After they settled into the house, Harper visited and pointed out what kinds of trees there were on the property. “At the time, we had both lost our parents, and Harper was like a father to us. We even had a few photos of him hanging on our refrigerator.” 

Many of the trees on the Randallstown property were planted by Harper himself, including a now-400-foot Wye Oak planted in the front yard from a seedling of what was the largest living white oak tree in the country. 

“Whenever Cindy and Rick would invite me back to the house, it was wonderful to reminisce,” says Harper. “They kept everything pretty much the way we left it.”

Harper and his wife had moved to Charlestown where he felt right at home amongst the 110-acre wooded campus. He quickly became an integral part of Charlestown’s Nature Trail Committee and has shared his knowledge of trees with his neighbors through on-site lectures, classes, and videos.

Friends and neighbors

The three long-time friends recently became neighbors when Cindy and Rick moved to Charlestown last summer.  

“As much as we loved the house, it was becoming more than we wanted to take care of.  We decided we needed to look to the future and how we would take care of ourselves when we got older,” says Cindy.  

“There are lots of things we like about Charlestown,” she adds. “The people are friendly and welcoming. It’s a continuing care environment, which was a big attraction for us. There is so much to do here and get involved in. I enjoy socializing, but I also like to be by myself sometimes, and you can do that here. It’s the best of both worlds.” 

Cindy and Rick selected a two-bedroom, two-and-a-half-bath apartment home in Charlestown’s historic district overlooking a courtyard and the Terrace Café.  
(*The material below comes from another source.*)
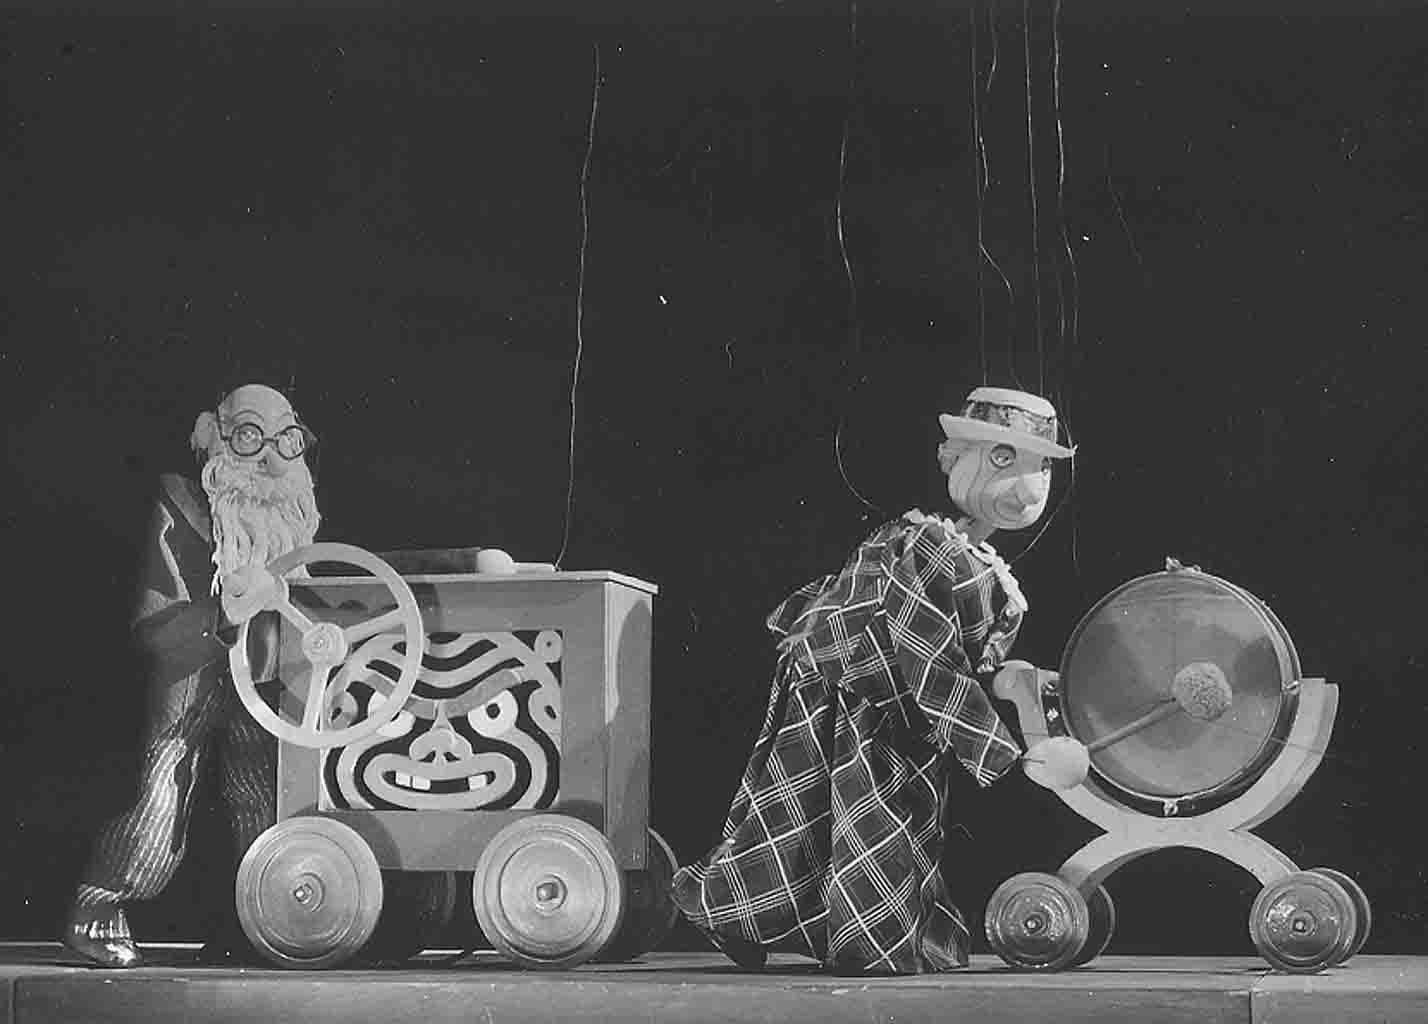 <em>Míček Flíček</em> (1936) por Loutkové divadlo Uměle<em>c</em>ké vý<em>c</em>hovy, puesta en es<em>c</em>ena y es<em>c</em>enografía: Jan Malík. Fotografía cortesía de Archivo de Nina Malíková

“We feel at home here,” says Cindy. “We think it is the perfect place for us. We are on the third floor and have a good view of trees. We have these wide windowsills that our two cats love to sit on. In fact, I’ve decided to name our new home Harper Heights.” 

But perhaps most importantly, the Joneses found the perfect place to store those 40 bottles of wine.

“We had a wine rack installed under the pass-through in our kitchen where all of the bottles are on display,” says Cindy. “It looks really pretty.”

Without a doubt, they’ll enjoy sharing those bottles of wine with their dear friend and new neighbor Harper Griswold.